= Rebeca Pérez =

Spanish politician (born 1980)

Rebeca Pérez López (born 1980) is a Spanish politician of the People's Party (PP). She entered the city council in Murcia in 2015, was appointed deputy mayor in 2023, and was elected mayor in 2026, becoming the first woman to lead the city council.

==Biography==
Born in Murcia, Pérez holds degrees in business studies and in optics, as well as a master's degree in applied political analysis. Her father Ángel Pérez Martínez, known as "El Puma", has been mayor since 1995 of El Esparragal, a village in Murcia's municipality. She was 20th on the People's Party (PP) list in Murcia led by Miguel Ángel Cámara in the 2011 local elections, missing election by 200 votes. In March 2015, with two months left of the term, Adela Martínez-Cachá left a position in the Council of Government of the Region of Murcia, and Pérez took her seat on the council.
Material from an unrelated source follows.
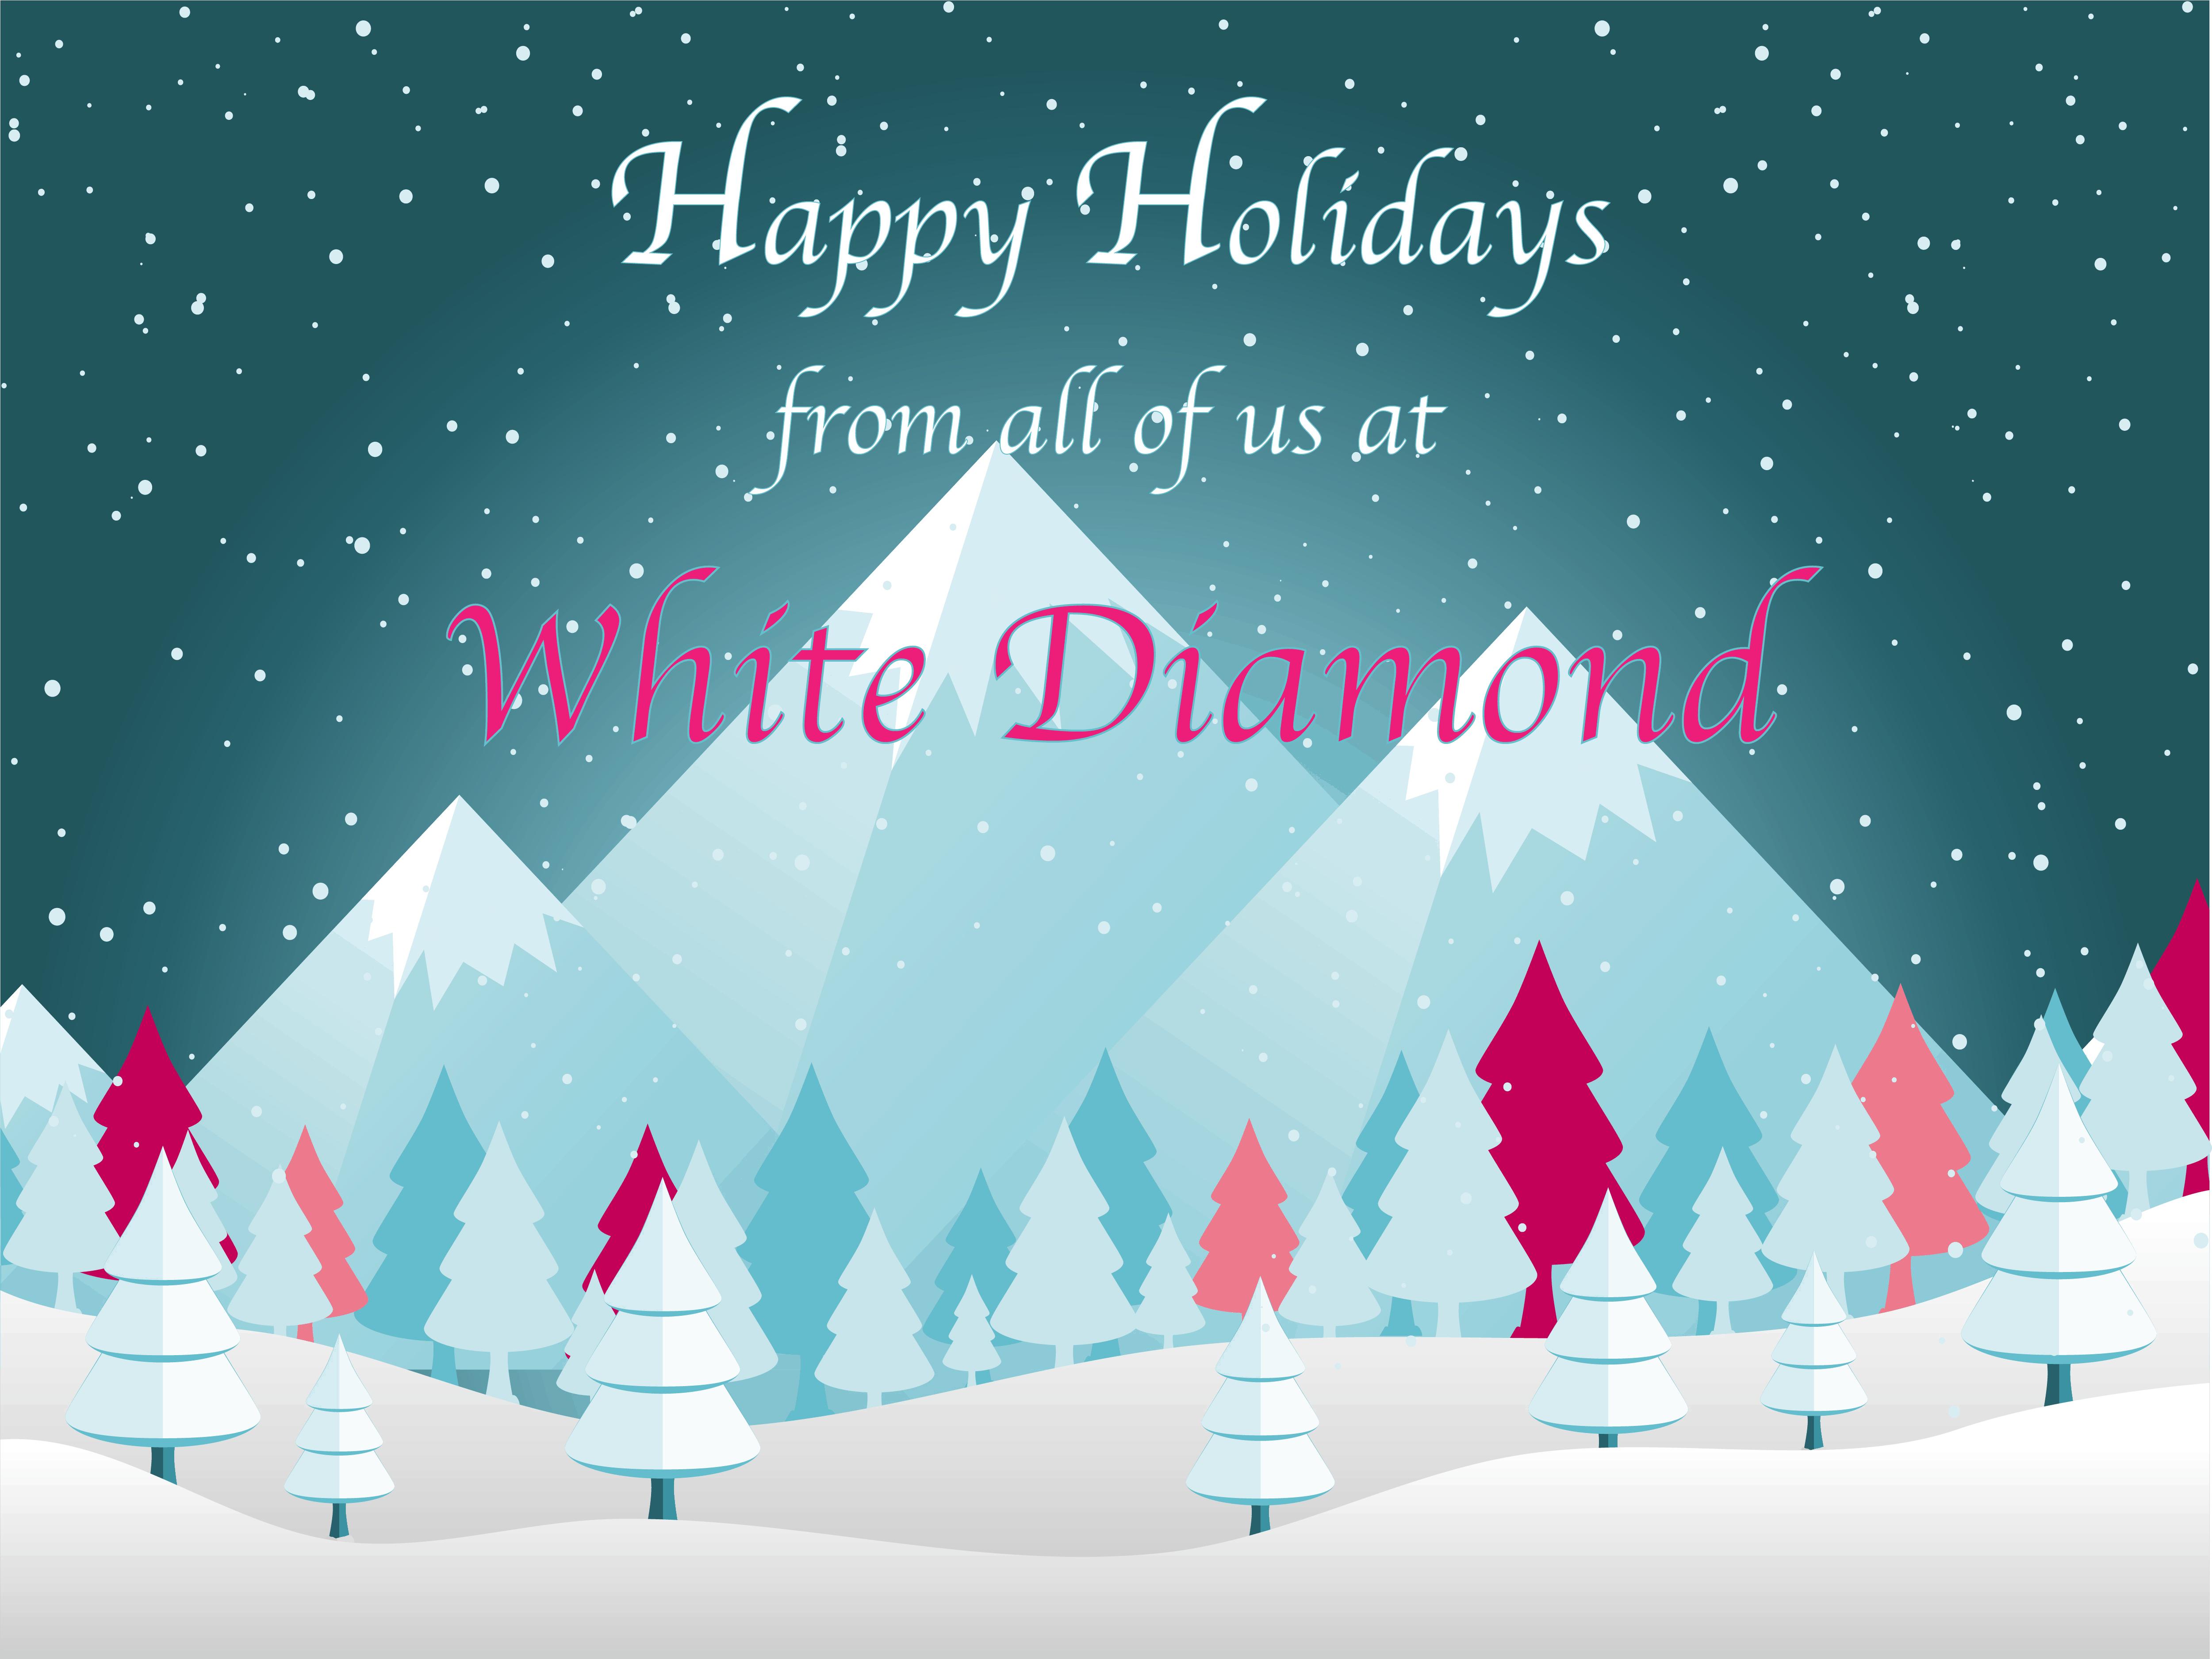 Happy Holidays from White Diamond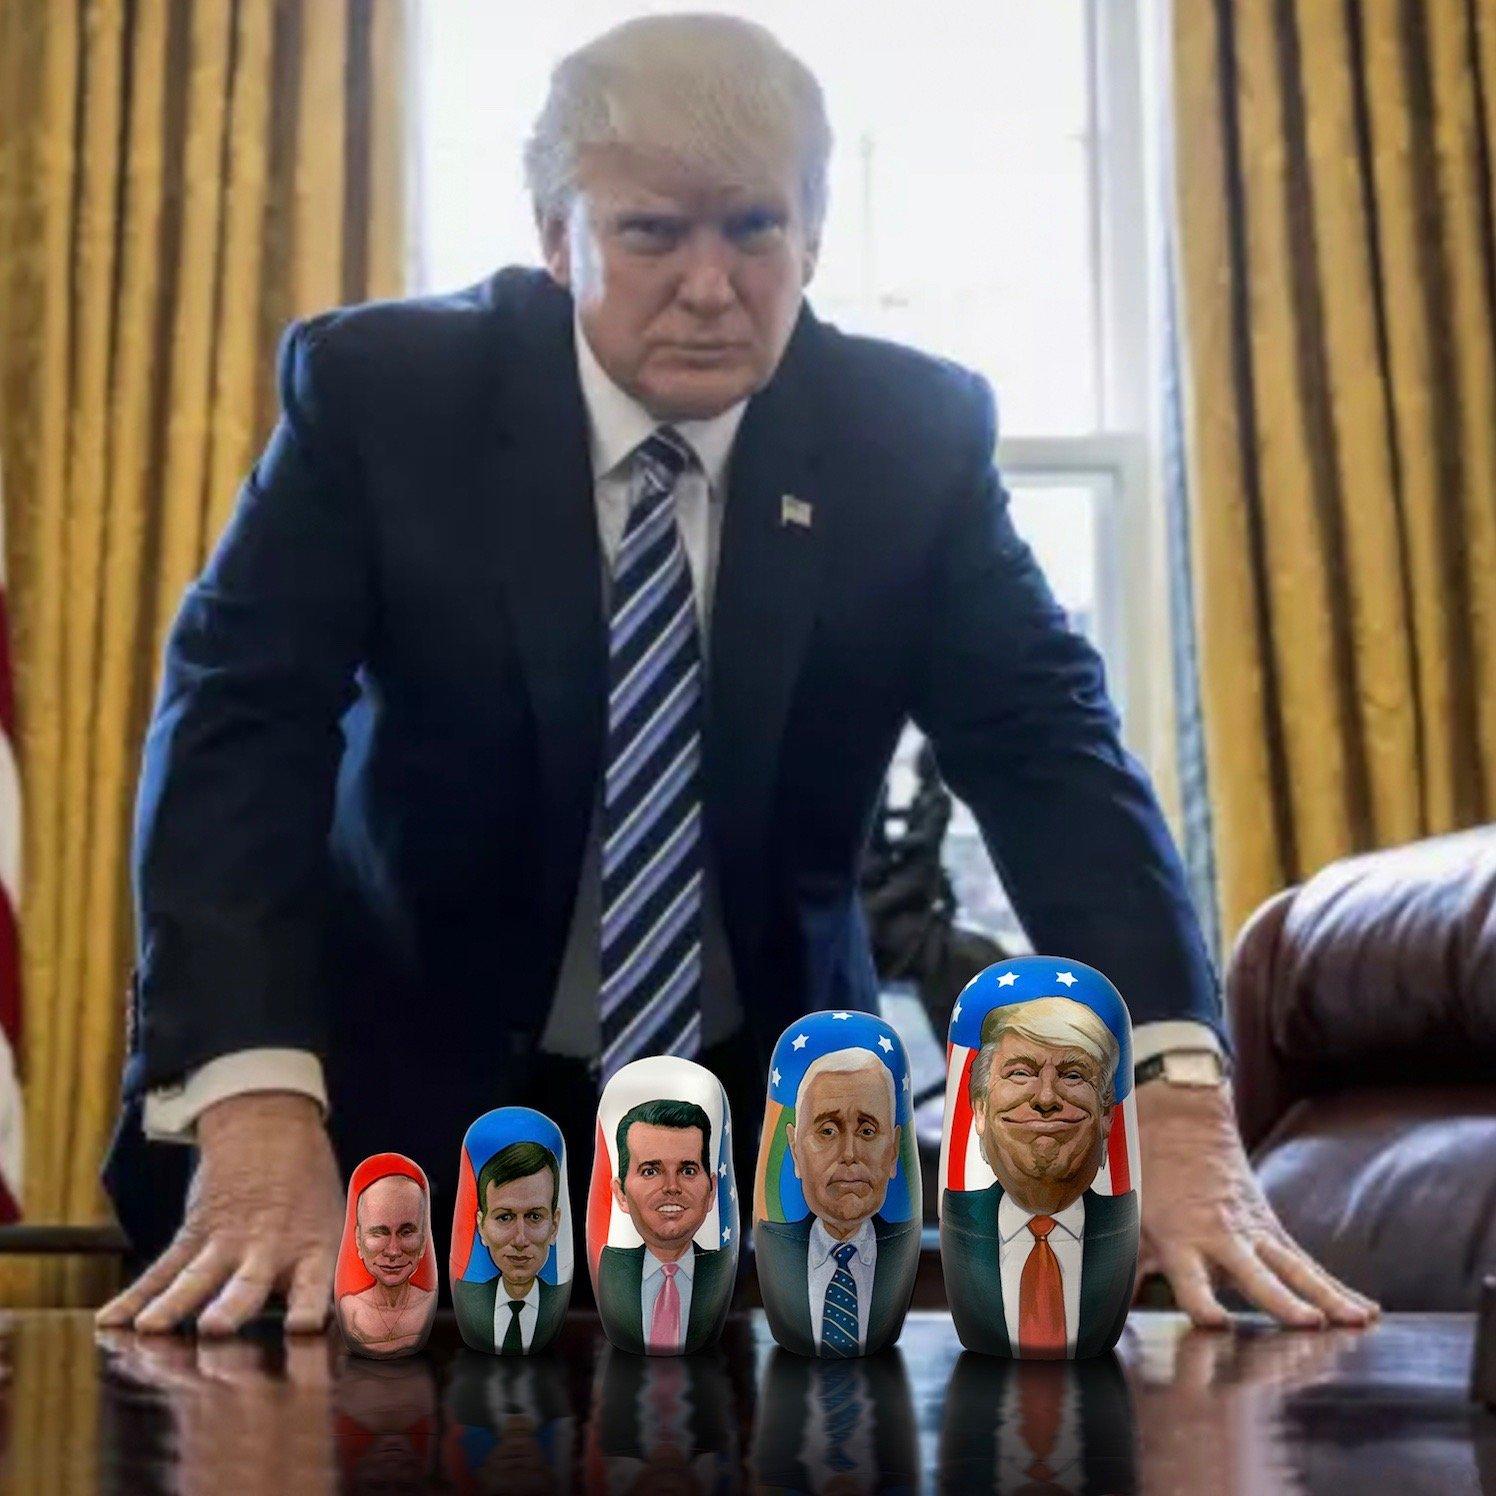 Concentric Surprise Trump & Putin Russian Matryoshka Nesting Doll - Kickstarter Famous! 6'' Tall - 5 Piece Set by Concentric Surprise

In the 2015 local elections, she was 10th on the PP list led by José Ballesta. Ballesta became mayor and Pérez was put in charge of infrastructure and youth. In 2019, she rose to second behind him on the electoral list. Ballesta put her in charge of sustainable mobility and youth, as well as being the municipal spokesperson; when he was removed from office in 2021, she continued as spokesperson of the PP group in the council.

In 2023, Ballesta won an absolute majority and created for Pérez the role of deputy mayor. She was also in charge of growth and heritage, as well as being spokesperson. Ballesta died of cancer on 10 May 2026, and she was acting mayor until the vote for his successor on 22 May, in which she received the votes of the 15 councillors from the PP, while the 14 opposition members from the Spanish Socialist Workers' Party (PSOE) and Vox abstained. She became the first woman to be mayor of Murcia.